By Craig Chamberlain
Social Sciences Editor, University of Illinois at Urbana-Champaign News Bureau
CHAMPAIGN, Ill. — Two decades into the digital age, the Internet is now “enmeshed in the fabric of nearly every aspect of life,” says University of Illinois communication professor Robert McChesney. In ongoing debates about its influence and future, there are, he says, celebrants and skeptics.
But there’s an “elephant in the room” that’s getting little attention, McChesney says in a new book. That elephant is capitalism, and its growing dominance of the Internet is threatening everything from privacy to democracy.
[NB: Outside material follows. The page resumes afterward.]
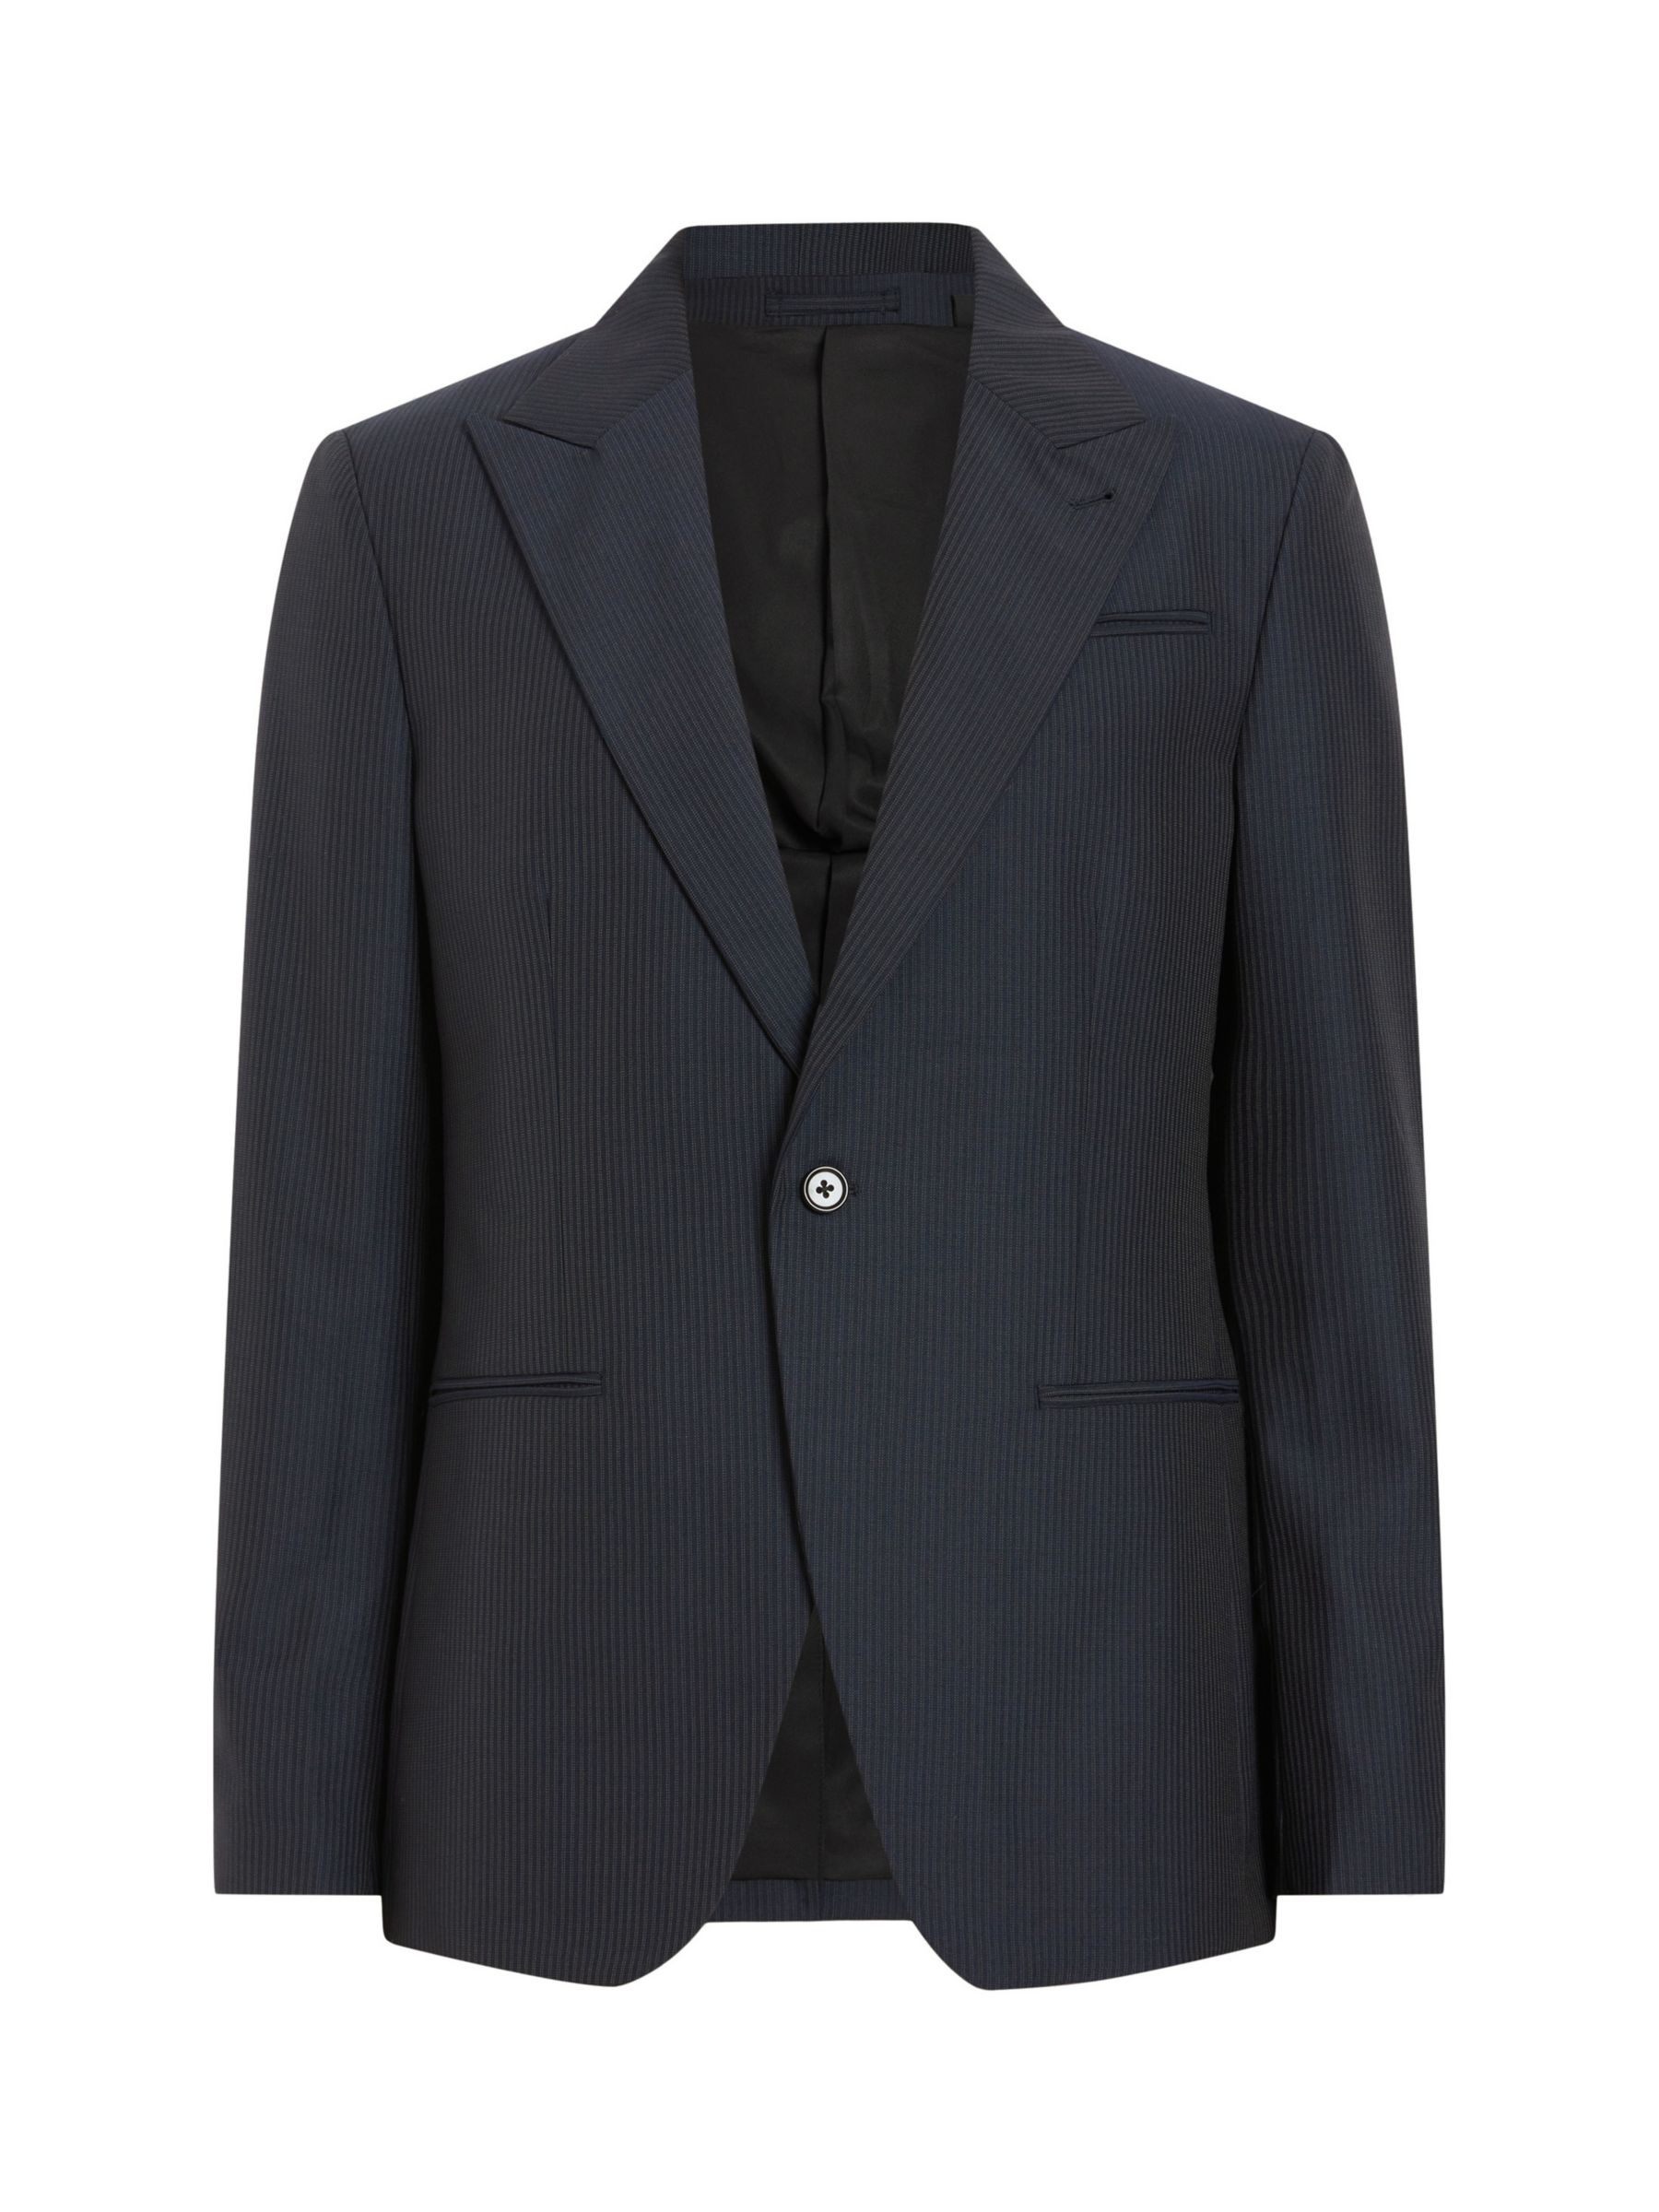 Buy AllSaints Howling Relaxed Fit Wool Blend Suit Jacket, Ink Blue Online at johnlewis.com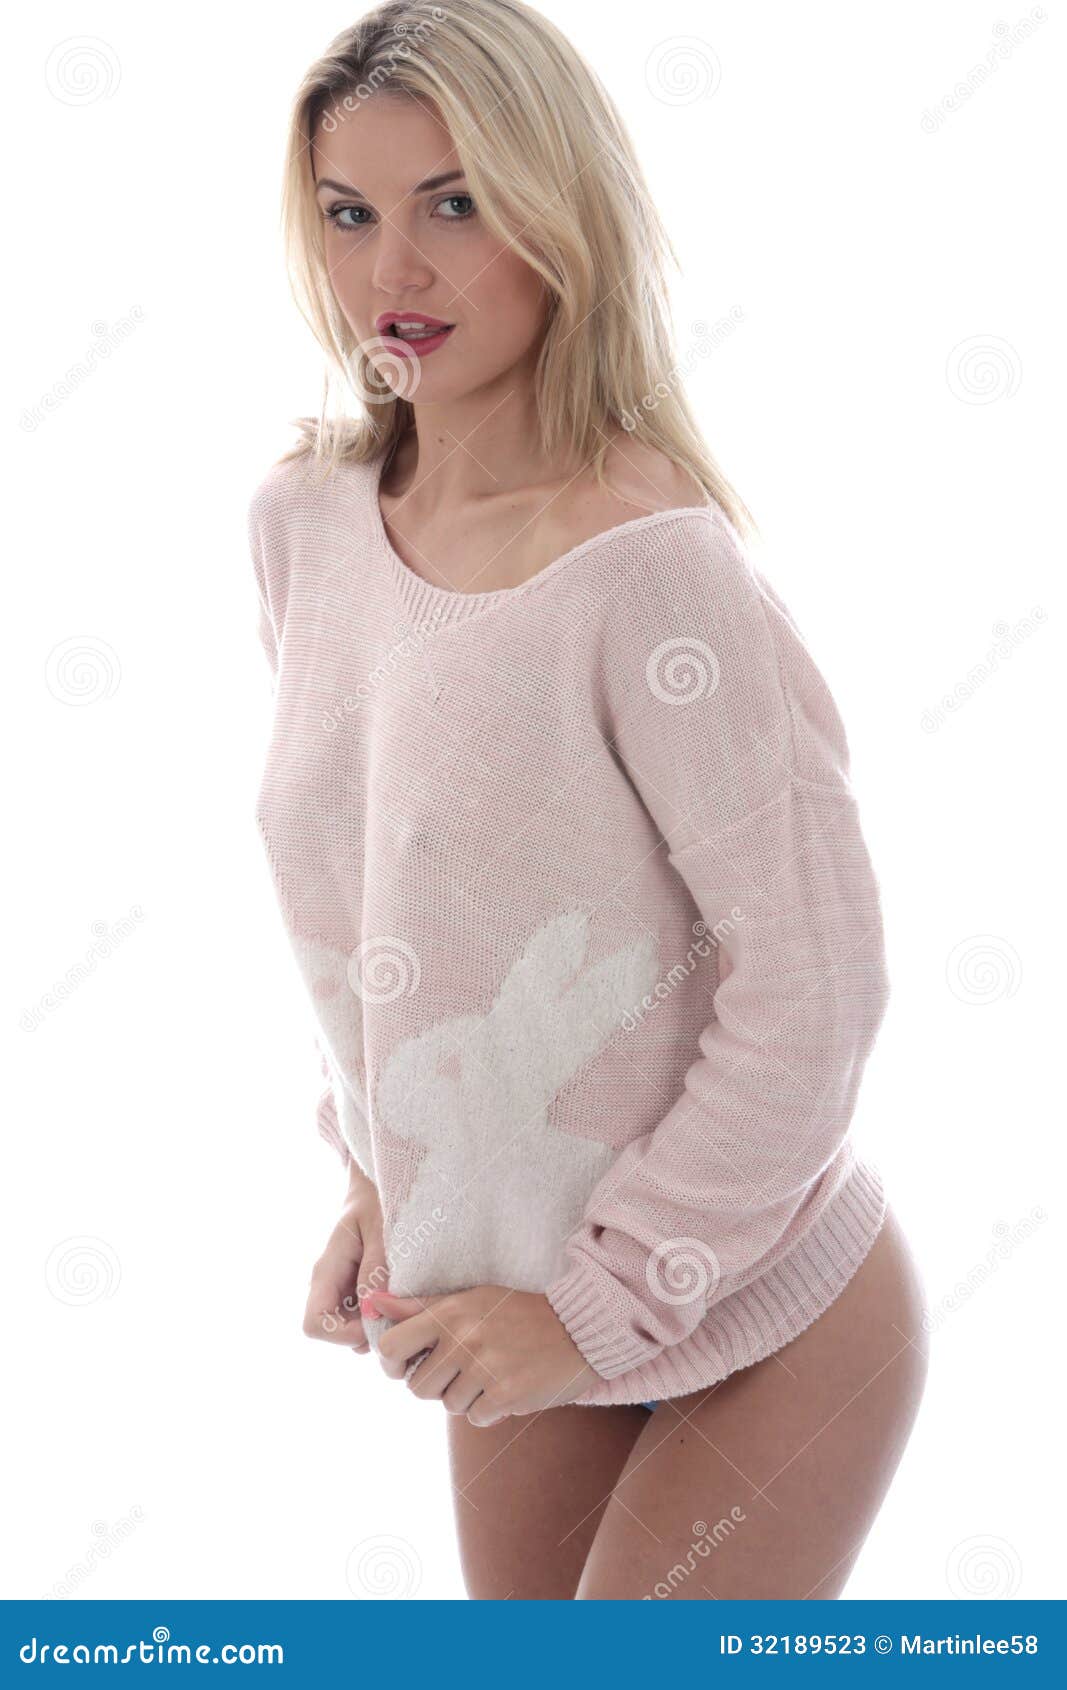 Model Released. Sexy Young Woman Wearing Panties Stock Photo

Both the celebrants and skeptics “take capitalism for granted as part of the background scenery” and disregard the political economy, McChesney writes in Digital Disconnect: How Capitalism is Turning the Internet Against Democracy, published this month by The New Press.
“When capitalism is mentioned, it is usually as the ‘free market,’ which is taken as a benevolent given, almost a synonym for democracy,” McChesney writes. Yet, “really existing capitalism” doesn’t fit with the free-market “catechism” or with democracy, he writes; “the crisis of our times is that capitalism undermines democracy.”
The Internet has been transformed from the noncommercial and public space that many dreamed of in its earlier days to one that “has been commercialized, copyrighted, patented, privatized, data-inspected and monopolized,” McChesney writes.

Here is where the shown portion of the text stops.